The primary motive is that I wish to purchase shares once they’re low cost. Isn’t that what everybody needs? It would make economists pleased when inventory markets are buzzing. But when we plan to maintain shopping for shares for the long run, we must always absolutely need costs and valuations to remain low.

My different key motive is that I’m going principally for dividend shares, and the FTSE 100 has a few of the greatest yields I can discover. We’re taking a look at a forecast common dividend yield of three.7% this yr, together with all of the low ones, rising to 4% in 2025. That’s simply bizarre dividends, and doesn’t embody any specials.

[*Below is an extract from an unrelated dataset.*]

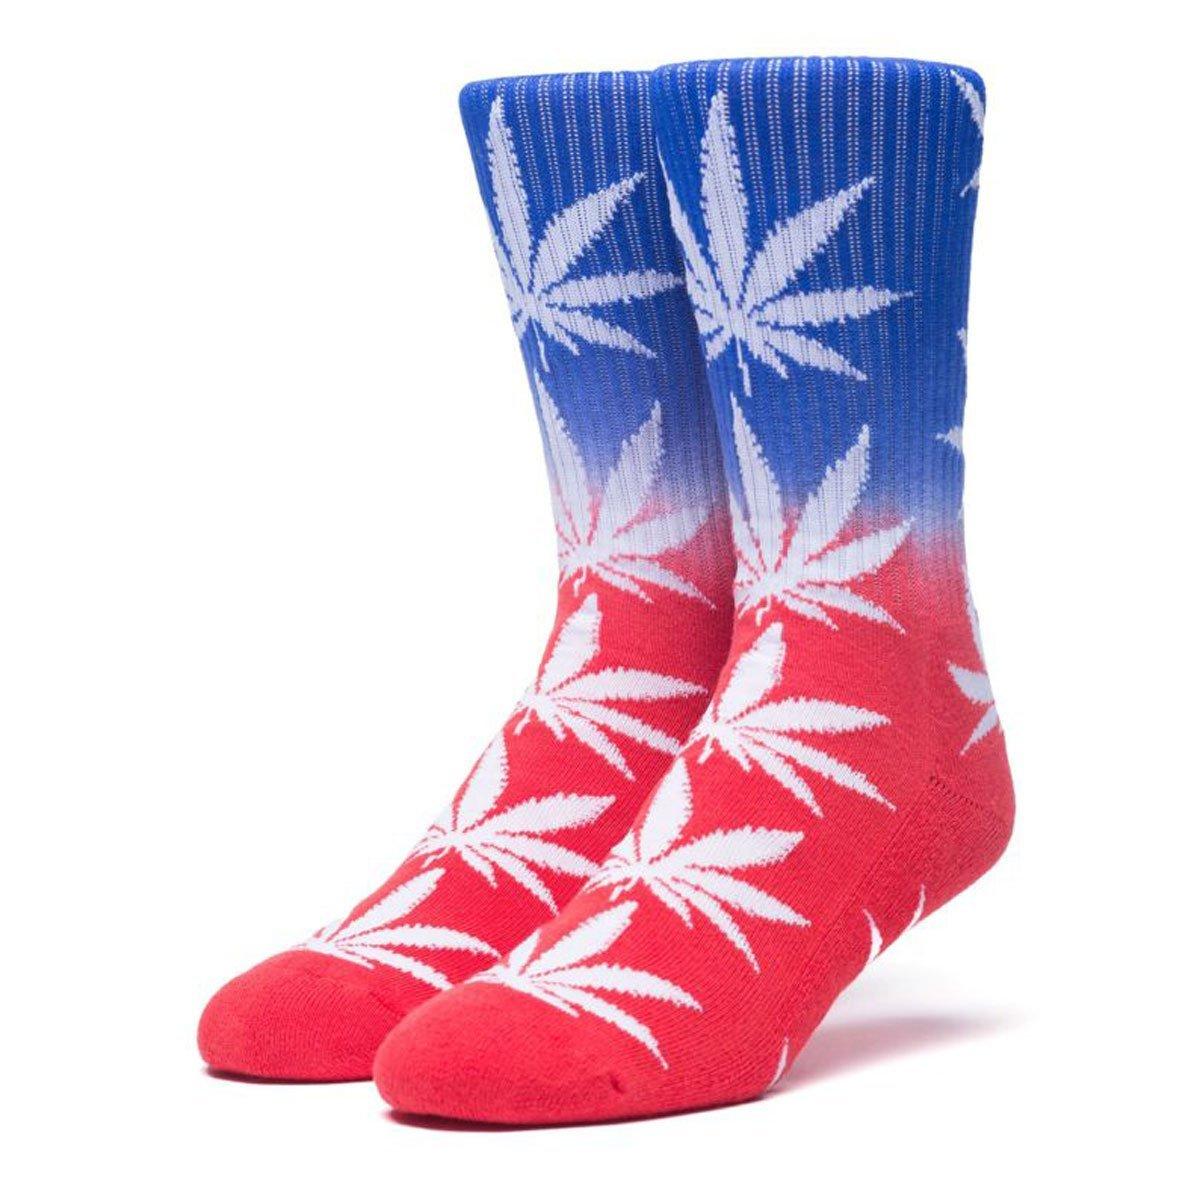 Huf Plantlife USA Socks - Red

And we even have what ought to be a long-term increase from the £50bn in share buybacks which were introduced to date in 2024.

Lengthy-term favorite

For example, let’s have a look at one among my prime FTSE 100 shares, Aviva (LSE: AV.)

The five-year share worth chart above, may not look nice. Nevertheless it’s precisely what I need, and I hope it stays unimpressive for at a couple of extra years but.

What it means is I should buy extra Aviva shares on a ahead price-to-earnings (P/E) ratio of 12 this yr, with forecasts dropping as little as 9.2 by 2026 (based mostly on at present’s worth).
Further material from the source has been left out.